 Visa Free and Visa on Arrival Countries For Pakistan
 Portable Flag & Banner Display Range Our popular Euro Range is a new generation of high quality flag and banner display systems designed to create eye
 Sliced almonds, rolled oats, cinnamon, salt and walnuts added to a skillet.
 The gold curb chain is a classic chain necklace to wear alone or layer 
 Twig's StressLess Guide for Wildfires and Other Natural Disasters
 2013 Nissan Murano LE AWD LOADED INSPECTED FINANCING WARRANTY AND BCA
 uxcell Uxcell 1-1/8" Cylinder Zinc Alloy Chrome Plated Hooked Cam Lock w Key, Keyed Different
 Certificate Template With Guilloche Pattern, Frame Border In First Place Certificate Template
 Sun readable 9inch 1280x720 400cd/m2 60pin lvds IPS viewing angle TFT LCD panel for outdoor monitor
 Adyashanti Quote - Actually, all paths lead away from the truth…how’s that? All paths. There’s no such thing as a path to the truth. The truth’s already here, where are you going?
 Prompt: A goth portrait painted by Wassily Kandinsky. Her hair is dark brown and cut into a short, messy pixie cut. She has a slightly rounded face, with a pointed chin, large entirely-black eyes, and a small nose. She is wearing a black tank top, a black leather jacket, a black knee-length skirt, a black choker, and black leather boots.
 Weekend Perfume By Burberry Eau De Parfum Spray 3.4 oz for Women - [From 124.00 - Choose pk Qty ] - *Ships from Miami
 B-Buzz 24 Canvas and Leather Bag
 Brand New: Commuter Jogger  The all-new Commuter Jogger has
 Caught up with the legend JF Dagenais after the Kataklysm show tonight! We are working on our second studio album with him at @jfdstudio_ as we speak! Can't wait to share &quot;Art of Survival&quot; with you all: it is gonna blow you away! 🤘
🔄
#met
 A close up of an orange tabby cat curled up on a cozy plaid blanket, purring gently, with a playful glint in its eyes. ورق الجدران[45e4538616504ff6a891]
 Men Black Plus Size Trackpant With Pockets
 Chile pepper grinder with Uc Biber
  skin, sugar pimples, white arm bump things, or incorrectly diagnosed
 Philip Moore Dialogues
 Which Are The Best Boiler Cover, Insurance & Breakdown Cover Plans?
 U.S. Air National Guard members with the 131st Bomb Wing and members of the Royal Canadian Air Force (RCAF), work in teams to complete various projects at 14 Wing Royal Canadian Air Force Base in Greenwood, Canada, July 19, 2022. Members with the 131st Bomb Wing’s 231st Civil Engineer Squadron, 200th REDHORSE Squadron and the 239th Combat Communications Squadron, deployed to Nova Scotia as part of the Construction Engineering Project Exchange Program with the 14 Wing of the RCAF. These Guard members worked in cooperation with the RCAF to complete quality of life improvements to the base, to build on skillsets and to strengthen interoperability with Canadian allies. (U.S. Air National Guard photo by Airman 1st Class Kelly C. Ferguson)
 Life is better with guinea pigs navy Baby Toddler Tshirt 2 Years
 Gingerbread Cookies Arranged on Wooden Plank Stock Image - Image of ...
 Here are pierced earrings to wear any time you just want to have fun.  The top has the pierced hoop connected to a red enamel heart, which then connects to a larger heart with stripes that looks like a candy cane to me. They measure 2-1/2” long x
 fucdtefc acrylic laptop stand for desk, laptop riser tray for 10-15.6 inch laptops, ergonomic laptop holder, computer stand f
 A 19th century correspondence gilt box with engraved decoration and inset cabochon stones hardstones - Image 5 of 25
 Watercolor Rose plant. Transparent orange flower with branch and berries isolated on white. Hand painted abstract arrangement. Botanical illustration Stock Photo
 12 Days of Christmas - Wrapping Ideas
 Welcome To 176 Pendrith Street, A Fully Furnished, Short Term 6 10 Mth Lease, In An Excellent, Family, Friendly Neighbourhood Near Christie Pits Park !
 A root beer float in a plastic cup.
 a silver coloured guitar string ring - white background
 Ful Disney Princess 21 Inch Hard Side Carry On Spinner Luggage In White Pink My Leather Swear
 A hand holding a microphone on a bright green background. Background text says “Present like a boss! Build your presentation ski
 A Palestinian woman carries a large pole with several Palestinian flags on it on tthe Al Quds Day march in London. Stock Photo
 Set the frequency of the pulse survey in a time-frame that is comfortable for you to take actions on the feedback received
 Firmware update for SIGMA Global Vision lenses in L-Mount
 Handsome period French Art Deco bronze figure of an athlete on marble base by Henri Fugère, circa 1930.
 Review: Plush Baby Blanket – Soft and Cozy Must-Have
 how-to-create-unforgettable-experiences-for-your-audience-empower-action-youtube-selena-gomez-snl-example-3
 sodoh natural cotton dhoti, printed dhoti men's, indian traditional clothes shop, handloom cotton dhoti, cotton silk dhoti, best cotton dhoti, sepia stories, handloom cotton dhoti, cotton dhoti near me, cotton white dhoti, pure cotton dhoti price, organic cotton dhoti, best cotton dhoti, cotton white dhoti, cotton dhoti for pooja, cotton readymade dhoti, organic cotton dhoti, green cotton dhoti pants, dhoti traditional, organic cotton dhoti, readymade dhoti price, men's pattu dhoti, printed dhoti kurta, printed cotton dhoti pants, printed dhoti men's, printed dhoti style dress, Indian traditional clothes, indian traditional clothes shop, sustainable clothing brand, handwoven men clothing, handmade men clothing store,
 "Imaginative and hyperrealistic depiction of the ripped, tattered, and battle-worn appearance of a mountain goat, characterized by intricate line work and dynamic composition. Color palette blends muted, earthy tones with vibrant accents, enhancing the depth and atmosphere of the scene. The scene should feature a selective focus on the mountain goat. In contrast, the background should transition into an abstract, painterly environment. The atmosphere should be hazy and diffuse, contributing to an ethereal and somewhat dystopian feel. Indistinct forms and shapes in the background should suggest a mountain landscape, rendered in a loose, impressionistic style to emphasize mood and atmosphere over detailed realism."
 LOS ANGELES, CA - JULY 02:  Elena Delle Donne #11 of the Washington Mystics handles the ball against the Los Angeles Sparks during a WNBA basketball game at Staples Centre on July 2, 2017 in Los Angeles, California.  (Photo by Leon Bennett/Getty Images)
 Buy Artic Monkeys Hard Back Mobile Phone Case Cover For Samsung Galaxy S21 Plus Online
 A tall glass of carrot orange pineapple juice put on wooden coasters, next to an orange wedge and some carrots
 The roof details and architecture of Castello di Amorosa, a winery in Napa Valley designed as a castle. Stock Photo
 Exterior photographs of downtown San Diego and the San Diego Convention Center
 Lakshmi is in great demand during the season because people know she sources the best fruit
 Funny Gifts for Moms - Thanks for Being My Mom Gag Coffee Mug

· · · · · · ·

In the listing above, find the line containing "Here are pierced" and the line containing "A Palestinian woman", then quote both, plus every line between them, exactly as written.

 Here are pierced earrings to wear any time you just want to have fun.  The top has the pierced hoop connected to a red enamel heart, which then connects to a larger heart with stripes that looks like a candy cane to me. They measure 2-1/2” long x
 fucdtefc acrylic laptop stand for desk, laptop riser tray for 10-15.6 inch laptops, ergonomic laptop holder, computer stand f
 A 19th century correspondence gilt box with engraved decoration and inset cabochon stones hardstones - Image 5 of 25
 Watercolor Rose plant. Transparent orange flower with branch and berries isolated on white. Hand painted abstract arrangement. Botanical illustration Stock Photo
 12 Days of Christmas - Wrapping Ideas
 Welcome To 176 Pendrith Street, A Fully Furnished, Short Term 6 10 Mth Lease, In An Excellent, Family, Friendly Neighbourhood Near Christie Pits Park !
 A root beer float in a plastic cup.
 a silver coloured guitar string ring - white background
 Ful Disney Princess 21 Inch Hard Side Carry On Spinner Luggage In White Pink My Leather Swear
 A hand holding a microphone on a bright green background. Background text says “Present like a boss! Build your presentation ski
 A Palestinian woman carries a large pole with several Palestinian flags on it on tthe Al Quds Day march in London. Stock Photo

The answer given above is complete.